Shadow Minister without Portfolio
- Incumbent
- Assumed office 23 September 2026
- Leader: Helen Jenner

Member of the Senedd for Caerdydd Penarth
- Incumbent
- Assumed office 8 May 2026
- Preceded by: Seat established

Personal details
- Party: Reform UK

= Joe Martin (Welsh politician) =

Welsh politician

Joseph Martin (born 1997 or 1998) is a Reform UK Wales politician. He was elected as Member of the Senedd (MS) for the Caerdydd Penarth constituency in May 2026.

== Background ==
Martin attended the University of Exeter. During his time at the University of Exeter, he changed degree subjects frequently, doing History for his first year, then Arabic and Theology with History in his second, and Middle Eastern studies and Theology with History in his third. He then worked in Finance at Lloyds Bank and other financial businesses.

== Political career ==
In August 2025, Martin was Reform UK's candidate in a council by-election in the Grangetown ward. He came 4th, with 15% of the vote.
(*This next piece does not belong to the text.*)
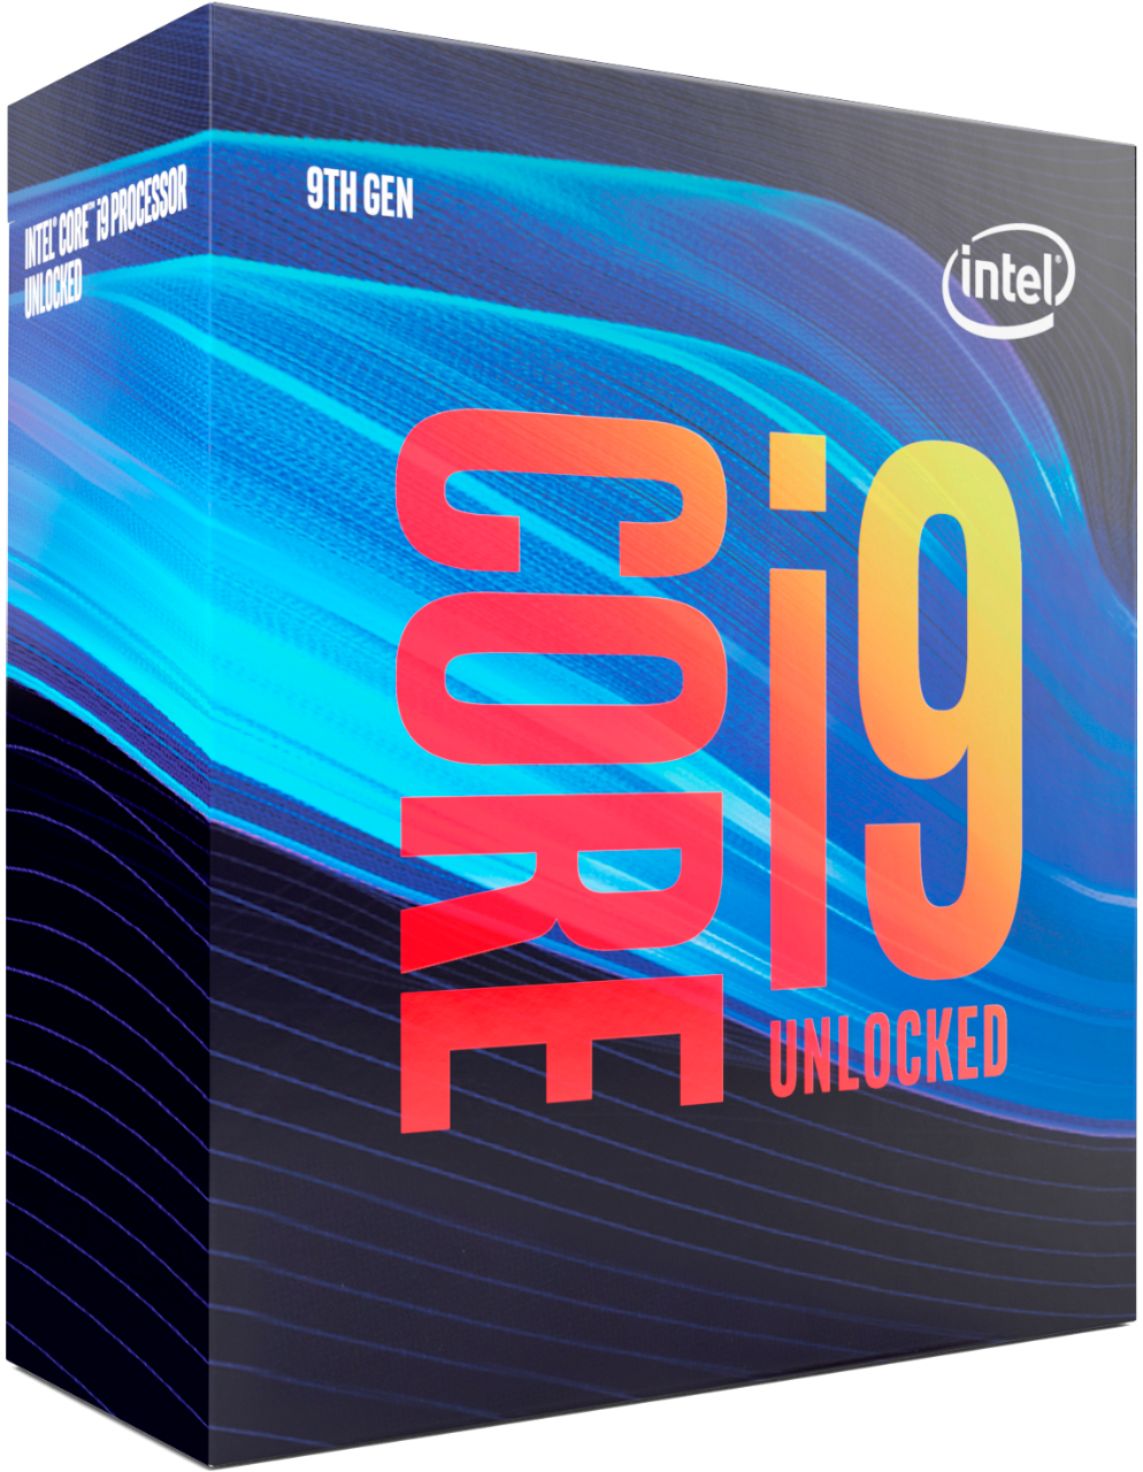 Best Buy: Intel Core i9-9900K 9th Generation 8-Core 16-Thread 3.6

In March 2026, Martin was announced as the lead candidate on Reform UK Wales's list in the Caerdydd Penarth constituency, ahead of former leader of the Wales Brexit Party, Mark Reckless. He was successfully elected, as the only Reform MS for Caerdydd Penarth.

On 16 June 2026 Martin was accused of racism and was rebuked by the Llywydd of the Senedd, Huw Irranca Davies, following a speech in which he claimed attacks from Sudanese asylum seekers were "inevitable". The following day, Martin made another speech in which he criticised the Welsh government's "stupid" and "pointless" international spending and drew attention to the rate of illiteracy in Wales's "underfunded" education system (joking that he had tried to ask some Welsh students for their opinion but had received no response, since they could not read). The speech prompted members of Plaid Cymru, Labour and the Green Party to walk out of Y Siambr in protest. Plaid Cymru's Zaynub Akbar could be heard to state, "I'm going to leave this because I don't accept any of this and I don't want to be a part of it." The speech was again rebuked by the Llywydd.

In a recorded rant against Net Zero which he published online, he misspelled 'emissions' and 'aluminium'.